A "significant" opera missing in my collection, perhaps deliberately so far, is Beethoven's _Leonare_ or _Fidelio_, opus 72.

I'm thinking of buying John Eliot Gardiner's version, played by the _Orchestre Révolutionnaire et Romantique_ (on period instruments) with various soloists. While I'm generally a HIP fan and given that this is perhaps the only HIP version around, I'm open to any suggestions by any performance practice.
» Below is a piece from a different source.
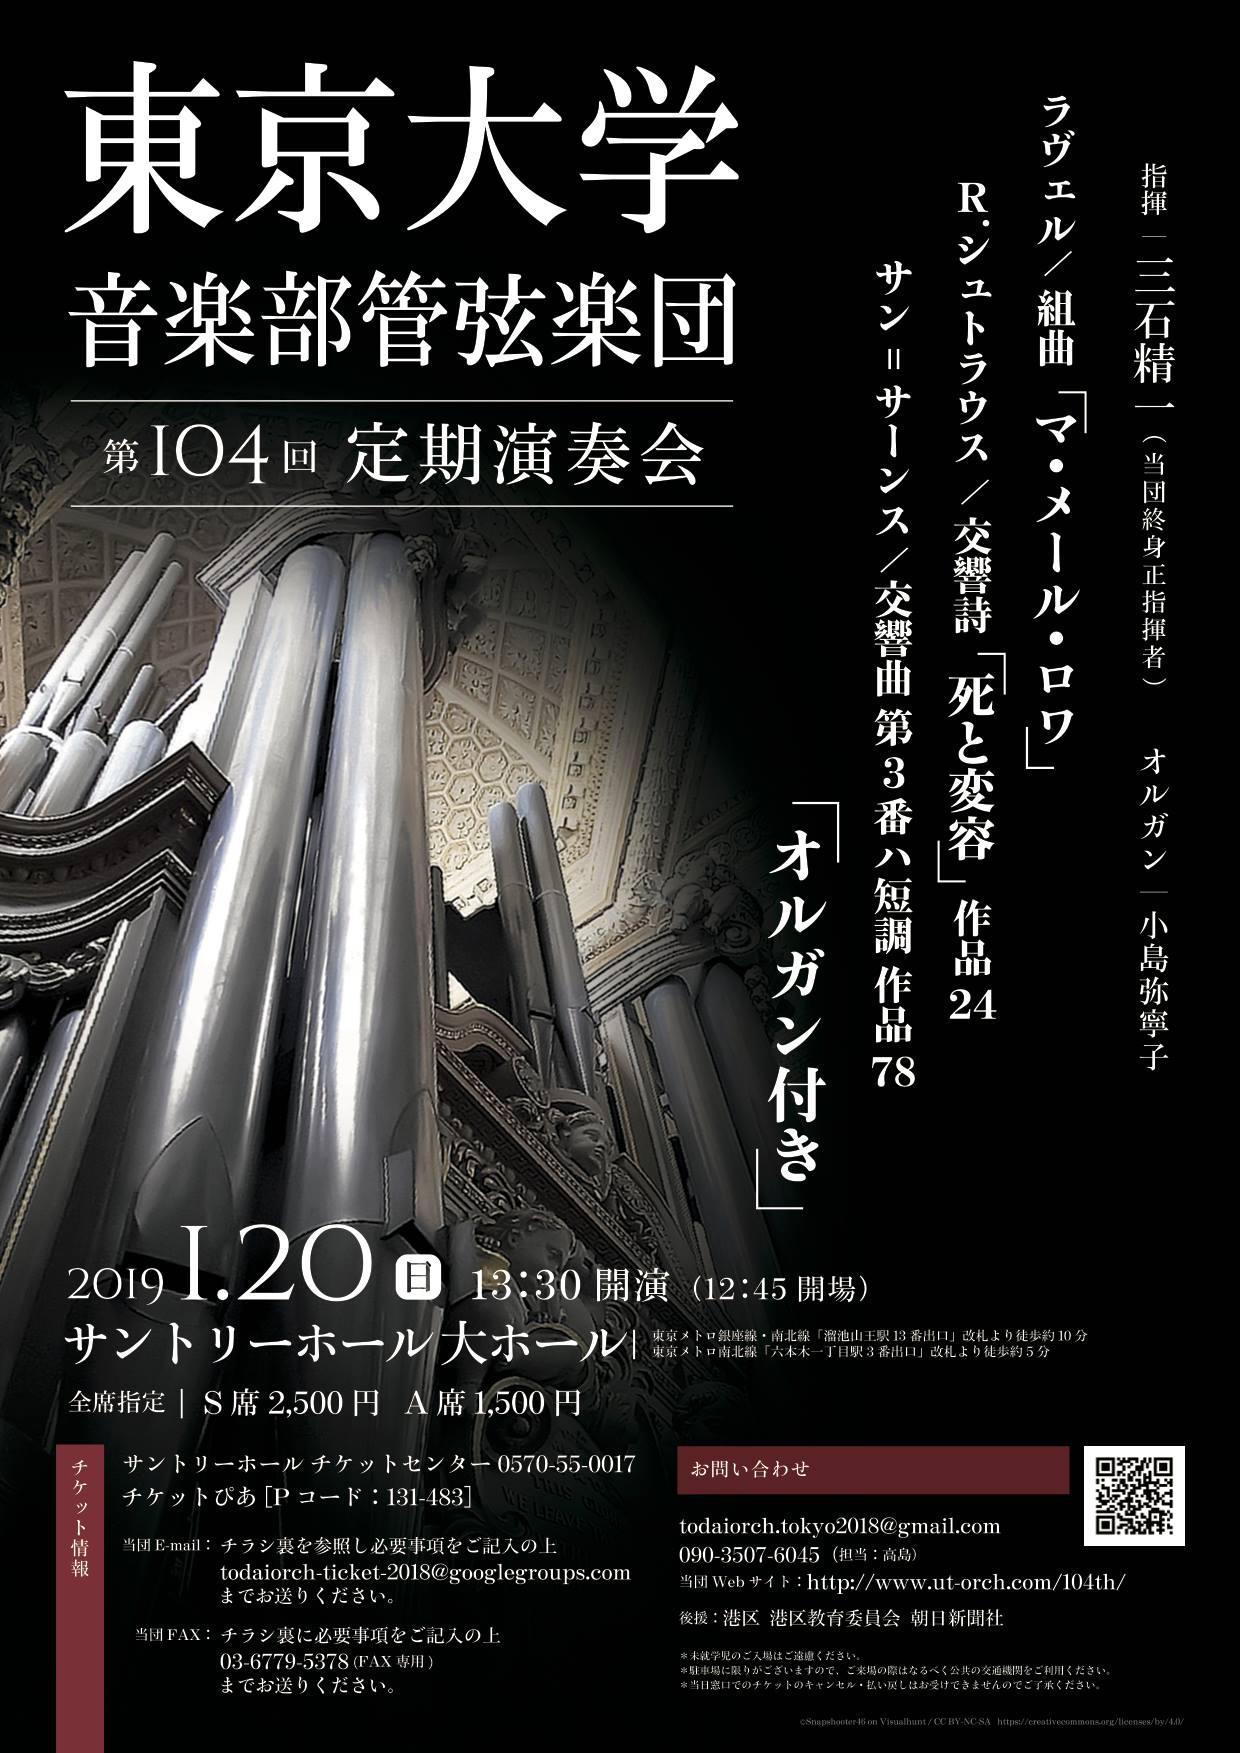 東京大学音楽部管弦楽団第104回定期演奏会

So, which one do you recommend?


----------



## scytheavatar (Aug 27, 2009)

I haven't heard a lot of Fidelio recordings (I am not a big fan of it) but Mackerras also have released a period Fidelio if I am not wrong. I am not sure if Harnoncourt's one is period. But the best Fidelio I have heard and the one most people recommend is still Klemperer's, which I recommend as your first Fidelio.


----------



## superhorn (Mar 23, 2010)

The Mackerras and Harnoncourt recordings with modern instruments with I believe some HIP additions such as natural trumpets etc. They are not %100 HIP but make use of strong HIP influence.
I haven't heard the Gardiner Leonore but remember the excellent Blomstedt/Dresden recording of it from LP days. It may still be available. There's also a modern instrument recording conducted by Michel Soustrot with,appropriately, the Bonn Beethovenhalle orchestra ,recorded in the city where Beethoven was born, but I haven't heard this,either.


----------



## Guest (Mar 25, 2010)

Klemperer on EMI.


----------



## SixFootScowl (Oct 17, 2011)

My favorite is Bernstein 1978 with Gundula Janowitz as Fidelio. I have both the DVD and the CD.


----------